The default exists to lower the on-ramp friction for solo developers and side projects, not because SQLite is right for production SaaS. Switch to Postgres on day one for anything you expect to scale.

Turbo 8 and morphing

Turbo 8 (which shipped alongside Rails 8) added morph mode for page updates. Instead of wholesale DOM replacement, Turbo walks the old and new DOM trees and applies the minimum diff. Focus survives. Scrollbars stay. Stimulus controllers do not re-mount. Animations do not restart.

The full treatment is in Turbo Morphing in Rails 8. Short version: morph mode is opt-in per page, and the Rails apps that benefit most are search pages, filter sidebars, and any surface where the same page updates frequently. The gotchas (stable ids, Stimulus lifecycle, CSS animations) are real but manageable.

PropShaft and the asset story

Rails 8 cemented PropShaft as the asset pipeline for new apps, with Sprockets remaining available for older codebases. PropShaft does less: no precompilation, no asset transformation, no Sass. It fingerprints files and serves them. JavaScript bundling is handled separately by Importmap (the default), esbuild, or Vite. CSS is bundled by Tailwind, CSS bundling, or Vite.

The split is cleaner than Sprockets' all-in-one approach. The cost is one more tool in the build pipeline for teams that need bundling. Most teams in 2026 picked one of: Importmap (smallest setup), Vite (richer dev experience), or esbuild (middle ground).

What did not land or did not get adopted

Two notable absences from real-world Rails 8 adoption.

Litestream-style SQLite replication. Discussed in the Rails 8 release, but the production story for SQLite-replicated apps remains thin. Most teams that wanted multi-region either stayed on Postgres or used managed Postgres providers (Fly Postgres, Supabase, Crunchy).

Hotwire Native for everyone. Heavy push at launch; modest adoption through 2026. The teams shipping mobile apps either stuck with native (React Native, Flutter, or fully native) or accepted that Hotwire Native works well for traditional content apps but not for ones with rich mobile-first interactions.
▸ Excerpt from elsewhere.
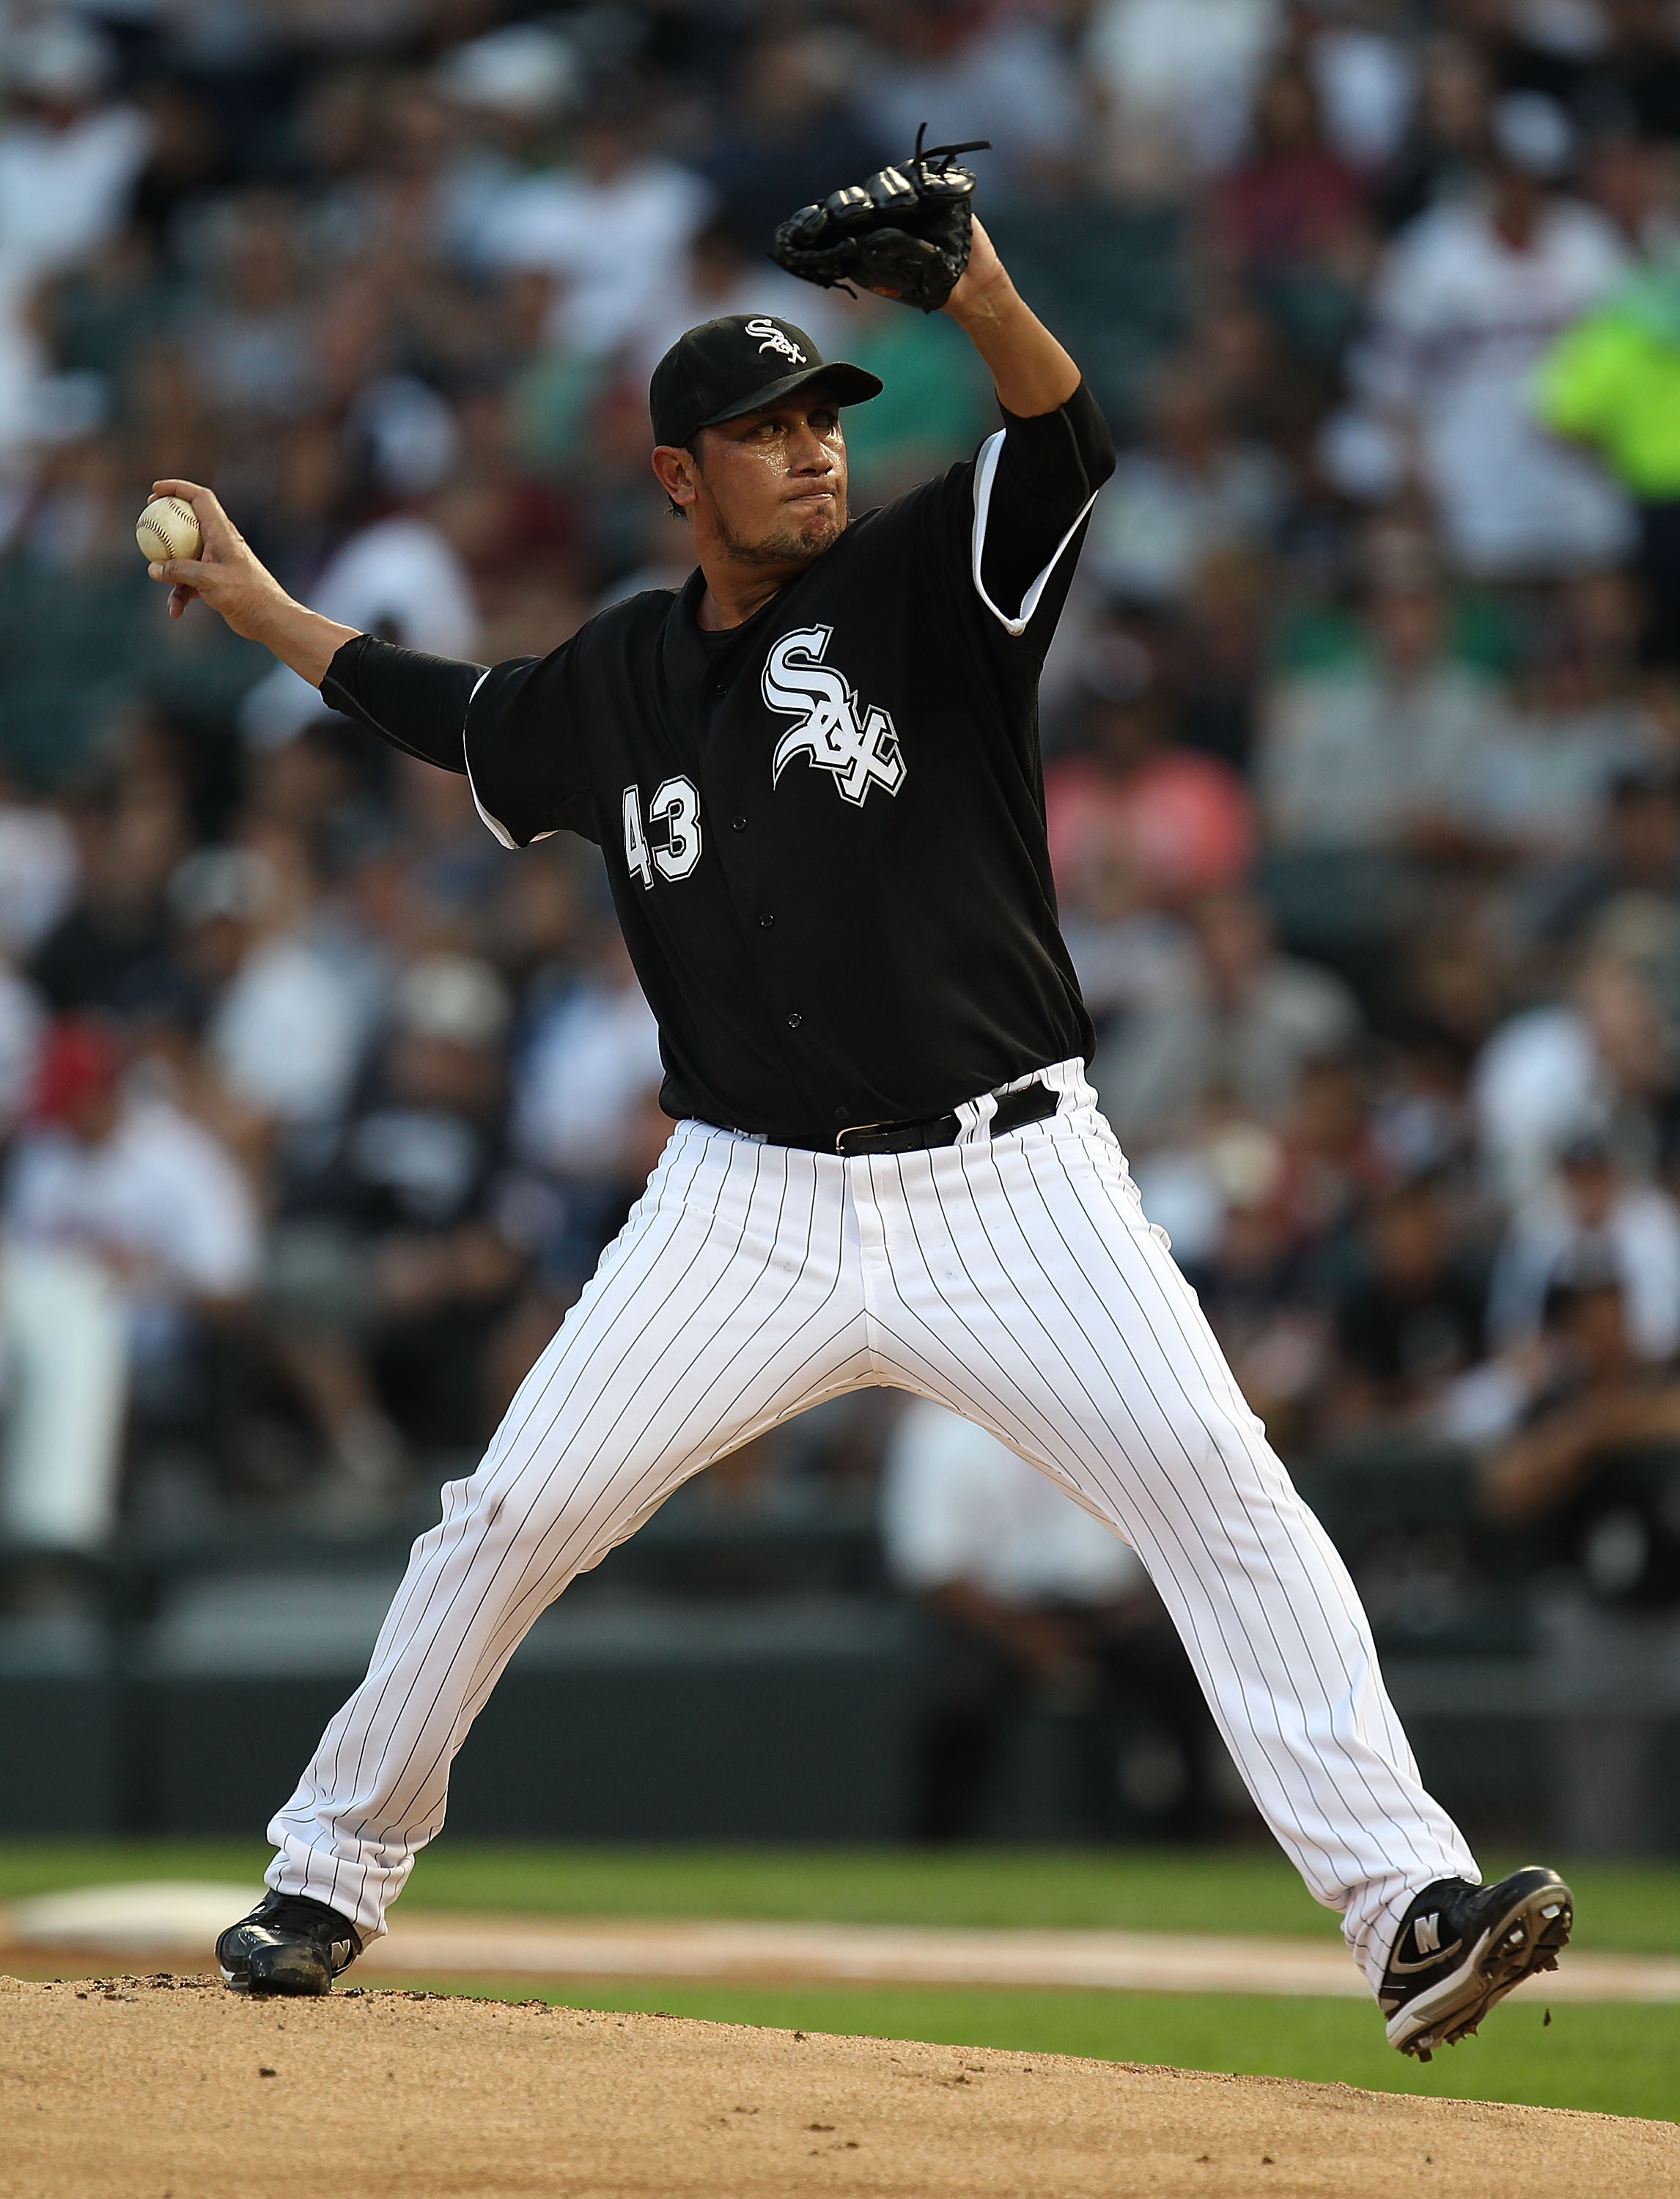 CHICAGO - AUGUST 10: Starting pitcher Freddy Garcia #43 of the Chicago White Sox delivers the ball against the Minnesota Twins at U.S. Cellular Field on August 10, 2010 in Chicago, Illinois. (Photo by Jonathan Daniel/Getty Images)

The senior takeaway for 2026

Rails 8 was a values release. The framework took a position on infrastructure simplification and pushed it through every default. Some of the picks are universally right (Solid Cache for most apps removing Redis-for-caching). Some are right with caveats (Solid Queue for the under-5,000-jobs/sec range). Some are clearly wrong as defaults but exist for ideological reasons (SQLite for production).

The senior approach is to treat each default as a recommendation, not a constraint. Adopt Solid Cache. Evaluate Solid Queue. Skip Solid Cable until traffic justifies it. Pick Postgres on day one. Use the auth generator until OAuth or MFA forces Devise. Consider Kamal if Heroku pricing has become painful. The framework gave you good defaults; you still pick which ones to keep.